Absence of consideration means total lack of consideration. Ex: As makes a PN payable to B as gift; there is
absence of consideration. As between A and B there can be no recovery on the note.

But if B negotiates it to C, a HDC , C can recover against A, because A's defense of absence of
consideration is personal.
Failure of consideration means something means that something was agreed upon as a consideration for a
contract but for some reason the consideration did not materialize.
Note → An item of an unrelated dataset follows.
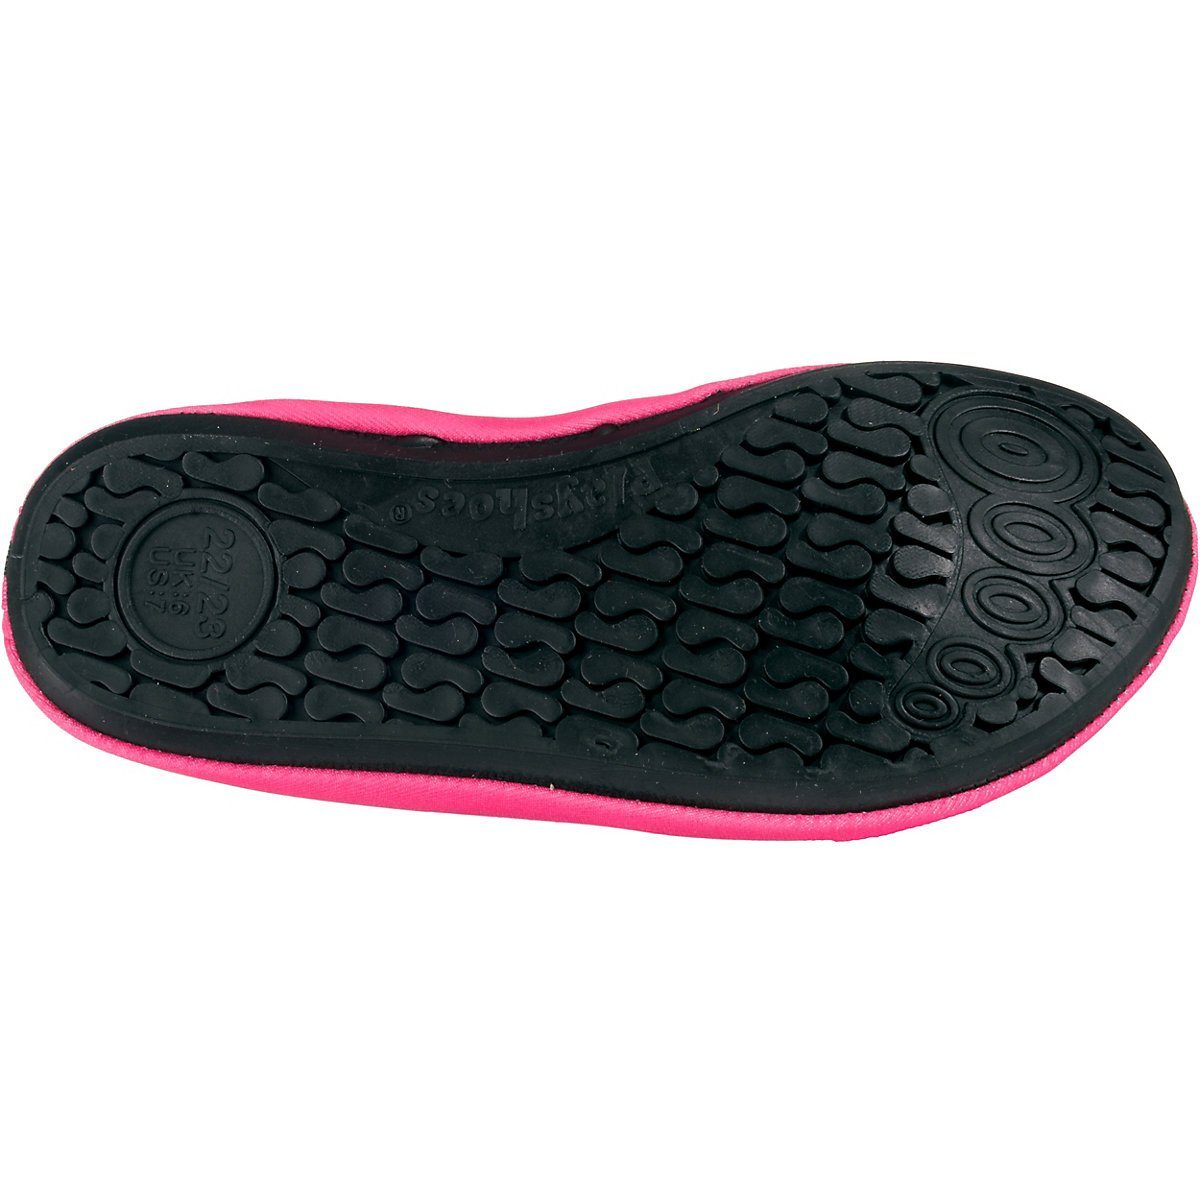 Schwimmschuhe, rutschhemmender Wasserschuhe Motiv flexible Passform, Badeschuhe rosa Meerjungfrau Badeschuh Playshoes Sohle mit Barfuß-Schuh

A enters into a contract to sell certain merchandise to B. In consideration of this merchandise, B


makes a PN payable to A as advance payment thereof. A fails to deliver the merchandise. There is
failure of consideration, so that A cannot recover from B. If B negotiates the note to C, who knew that
A failed to deliver, neither can C recover from A. If C were ignorant of such defense and is a HDC, C
can recover from A.
Partial failure of consideration means simply that part of the consideration did not materialize. If A delivered
part of the merchandise and failed to deliver the rest, there is partial failure of consideration which may be
set up as a defense pro tanto by B against A or a holder not in due course , ie B is not liable to the extent of
the price of the undelivered portion.
M. Signature Under Trade Name Or Agency
Sec. 18. Liability of person signing in trade or assumed name. - No person is liable on the instrument whose
signature does not appear thereon, except as herein otherwise expressly provided. But one who signs in a
trade or assumed name will be liable to the same extent as if he had signed in his own name.
Sec. 19. Signature by agent; authority; how shown. - The signature of any party may be made by a duly
authorized agent. No particular form of appointment is necessary for this purpose; and the
authority of the agent may be established as in other cases of agency.
Sec. 20. Liability of person signing as agent, and so forth. - Where the instrument contains or a person
adds to his signature words indicating that he signs for or on behalf of a principal or in a
representative capacity, he is not liable on the instrument if he was duly authorized;
but the mere addition of words describing him as an agent, or as filling a representative character, without
disclosing his principal, does not exempt him from personal liability.
Notes: A person whose name does not appear upon the instrument may be held liable thereon if he or his
duly authorized agent has signed thereto a trade name under which such person engages in
business. This case does not constitute an exception to the rule which forbids any action on a negotiable
instrument against one whose name does not appear thereon, but rather it is an instance in which
defendant's business name serves the same purpose that would be served by the use of his
given name and surname.
19, 20 : the principal whose name is undisclosed on the instrument cannot be held liable thereon because
under section 18, no person is liable on the instrument unless his signature appears thereon.

In such case the signing agent will be personally liable either as a maker, acceptor, drawer, or
indorser, as the case may be.

Where an agent negotiates the instrument without indorsing it, and he does not disclose his principal
nor that he is merely an agent, he is liable like one who negotiates by delivery under Section 65 and
not as a general indorser under Section 66.